I told you once: there are more than two positions on almost anything.
Mind: the happiness thing is the most useless concept to compare populations. It has to do with character, as you describe the Basques. Those guys in castrolandia would be happier than the average US citizen or Basque whether they are under a dictatorship as castro's or under one like Baptista's or anything else, ceteris paribus they would be happier and it does not have to do with some socialism...by the way, still you should try to be coherent: you defend it but you say it is not a socialist regime...so what?
Have you read the HPI report? You'll notice that figure 6 (page 23) is a curve that shows how the HLY (happy life years) increases with GDP per capita but does in a quite odd way: for the first 5000 of GDP per capita, the HLY index grows almost vertically: from 10 to more than 50 (and these are supposed to be years of happiness and personal satisfaction in life), then it gets stuck and grows only slightly no matter how much money you add to the GDP.

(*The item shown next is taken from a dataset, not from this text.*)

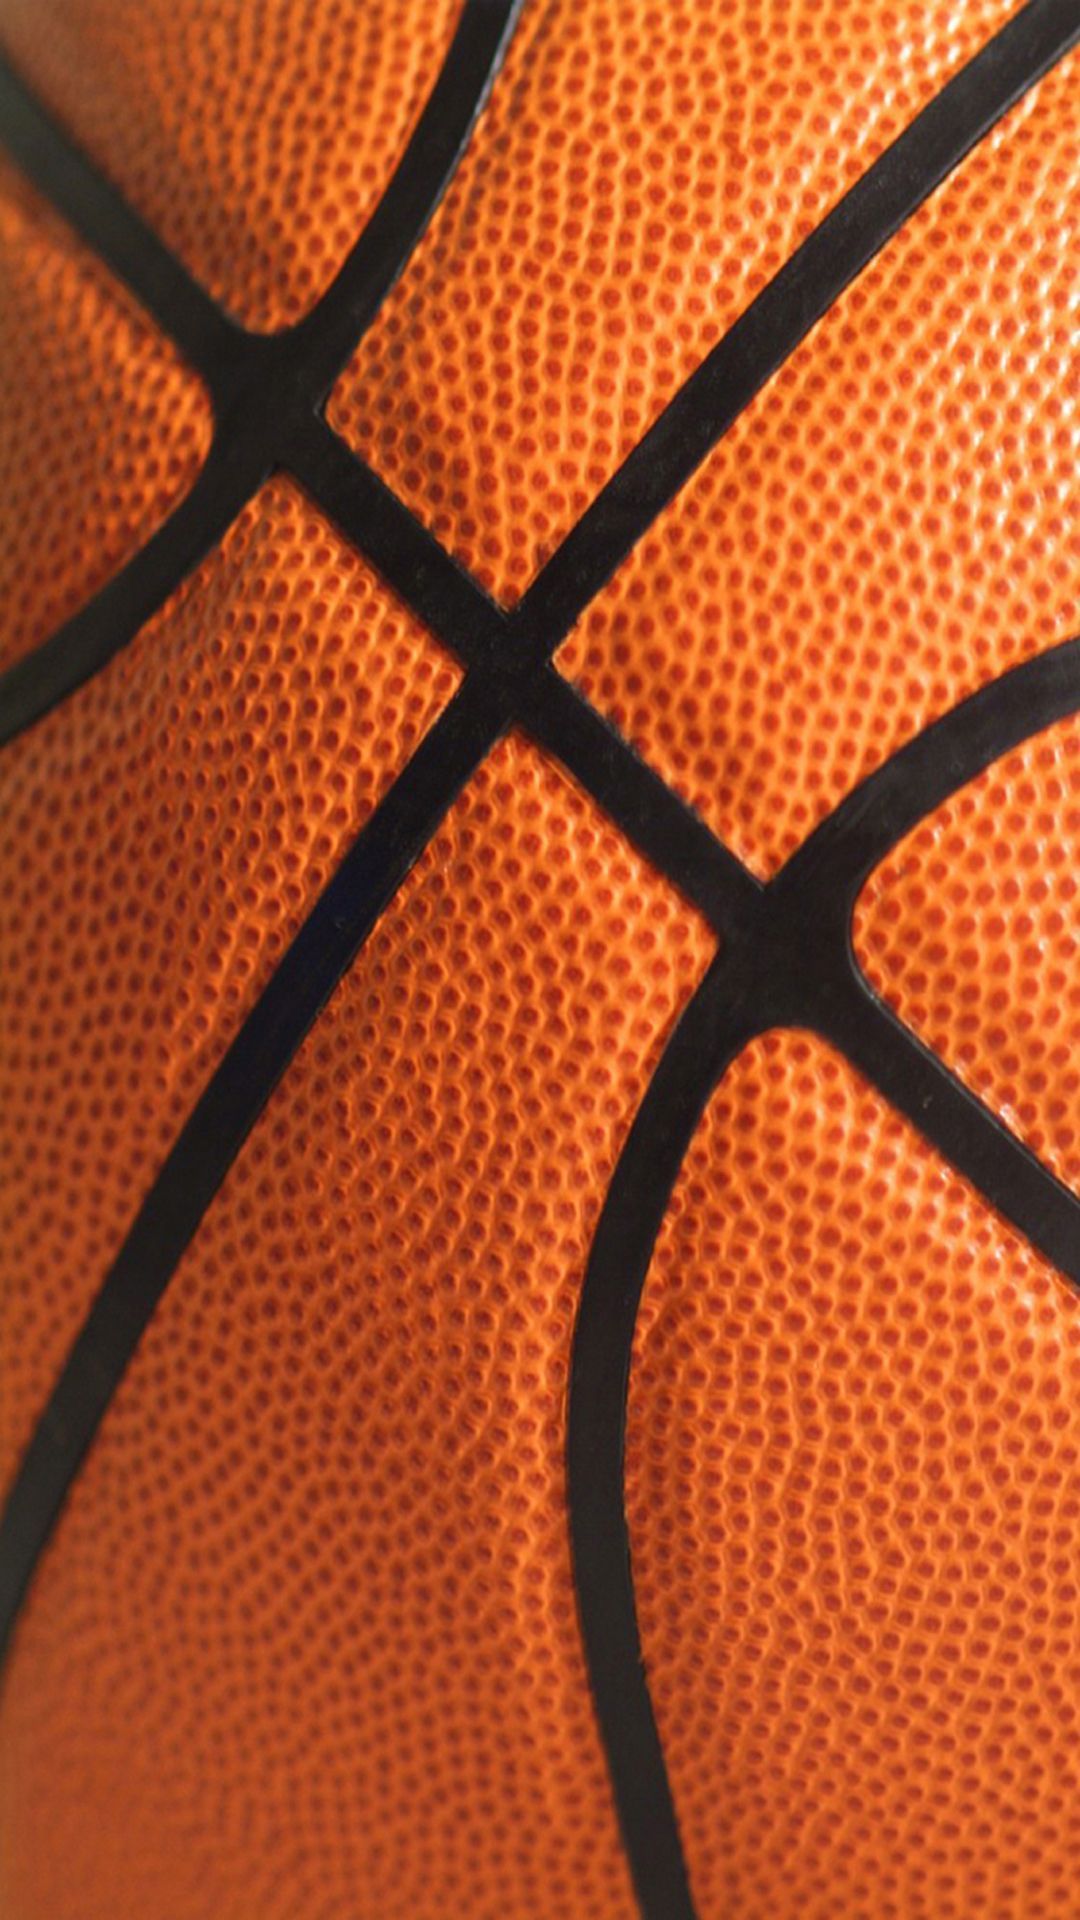 Basketball Galaxy S4 Wallpaper (1080x1920)

The richest are only marginally happier than the poor, as long as these are not the extremely poor. The happiest country in the world is Costa Rica (but is rather poor). You can improve life satisfaction a lot without any need for more consume.
And obviously more consume/production causes more damage to the planet. So the best place to be in the HPI is with a rather low GDP but a long life full of satisfactions. Most of Latin America is close to that green area (fig. 8, p. 26) or even inside it.
So keep it up, guys, you're doing well.
I do defend socialism. I'm not so sure I defend "a socialist regime", whatever that is.
Socialism is social and economic, rather than political. Politics is just a mean to an end: to guarantee that there is social and economic justice, that work is not anymore alienated, that people rule themselves, that we don't destroy our only planet.
Everybody in the West is a big earner and parasite relative to the Third World.
Their populations want to enjoy a western standard of living. That would be true "social and economic justice" but the Earth might not be able to stand it.
I am lucky to have been born in a rich country (I'd starve in most of the world) so I count my blessings instead of sending my blood pressure up.
Like Dawkins says "some people are going to get hurt, other people are going to get lucky, and you won't find any rhyme or reason in it, nor any justice".
But you only play for yourself and this game can't be won individually.
Believe it or not society and planetary management is a cooperative kind of game. Too bad we are not taught how to play these real games.